The King-Devick test takes a different approach. The athlete reads single-digit numbers aloud from three test cards as quickly as possible without errors. It captures problems with rapid eye movements, attention, and language processing, all functions that suffer when the brain isn’t working normally. A worsening of five seconds or more compared to baseline is a red flag strongly associated with head trauma and is sometimes used as a threshold for pulling an athlete from play.
Why Sideline Tests Are Imperfect
No sideline test is a concussion detector with perfect accuracy. The pooled sensitivity of available screening tools ranges from about 50% to 88%, meaning some concussions will be missed, particularly mild ones. Specificity sits around 80% to 85%, so most non-concussed athletes will correctly test as fine.
The sideline environment itself creates challenges. Physical exertion, adrenaline, crowd noise, and the intensity of competition can all produce symptoms that overlap with concussion, like headache, fatigue, and difficulty concentrating. Medical staff have acknowledged difficulty distinguishing between mild cognitive deficits from a concussion and the normal effects of playing a hard game. This overlap is one reason the tests emphasize comparison to individual baselines rather than relying solely on a single post-injury score.
Athletes also underreport symptoms. Some don’t want to leave the game. Some genuinely don’t realize something is wrong. This is particularly concerning with younger athletes, where self-reporting is less reliable and parents, coaches, and medical staff need to lean more heavily on objective testing tools rather than taking the athlete’s word for how they feel. A child-specific version of the SCAT6 exists for athletes under 13, with age-appropriate modifications to the cognitive and symptom sections.
What Happens After You Fail a Sideline Test
If any component of the sideline evaluation raises concern, the athlete is removed from play immediately. There is no “wait and see” on the same day. The CDC’s guidance is clear: the athlete stays out for the remainder of that game or practice and cannot return until evaluated and cleared by a healthcare provider. Coaches and trainers are not qualified to judge the severity of a concussion on their own.

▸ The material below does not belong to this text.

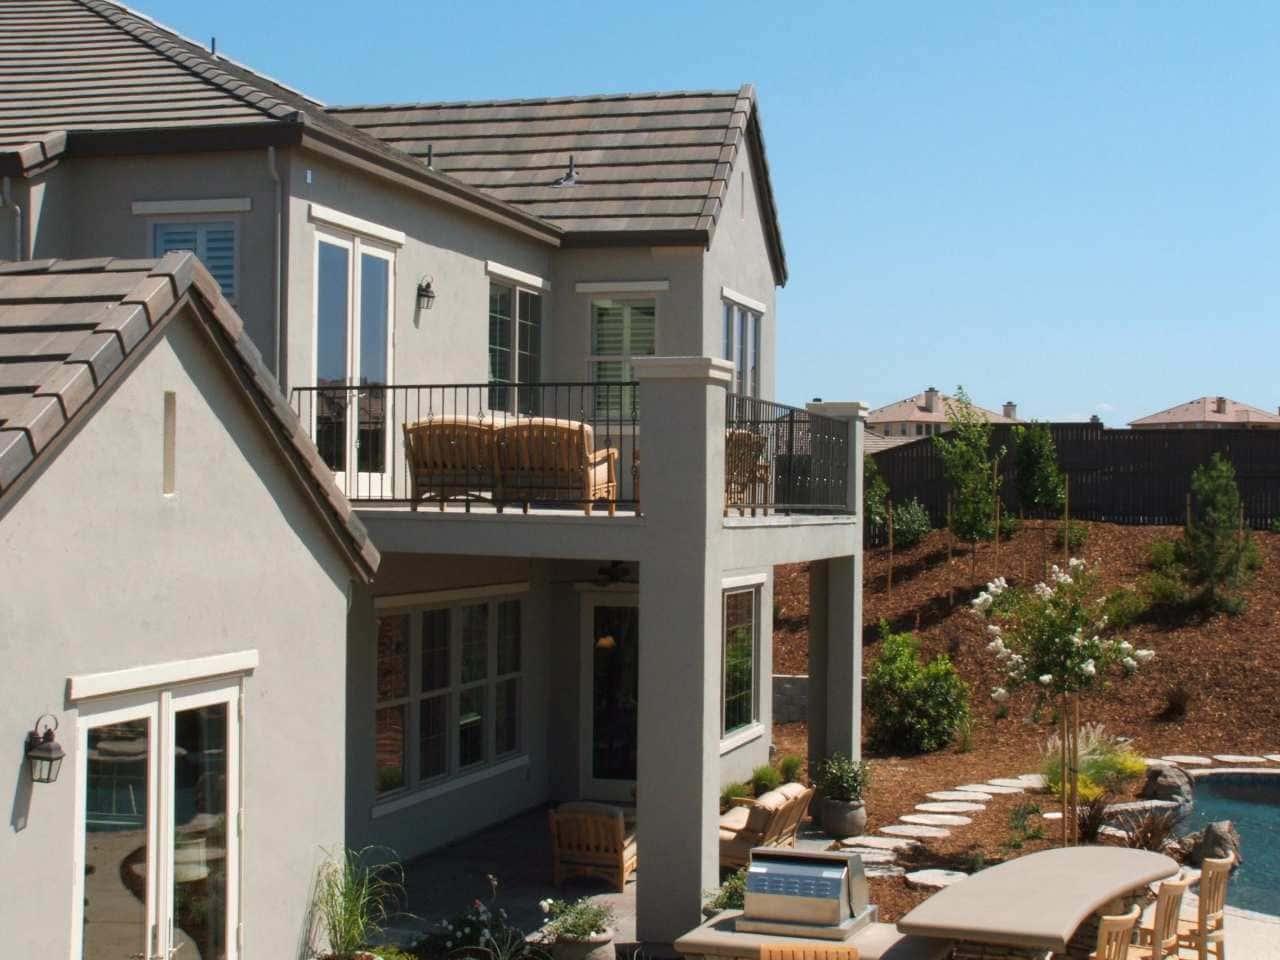 Backyard of a nice house

The sideline test is a screening tool, not a final diagnosis. It tells medical staff whether a concussion is likely, but a full clinical evaluation follows. That typically involves more detailed neurocognitive testing, symptom monitoring over subsequent days, and sometimes imaging to rule out more serious injuries like bleeding in the brain. The sideline assessment is the first gate, designed to catch injuries early and keep athletes from returning to play while their brain is still vulnerable to a second impact.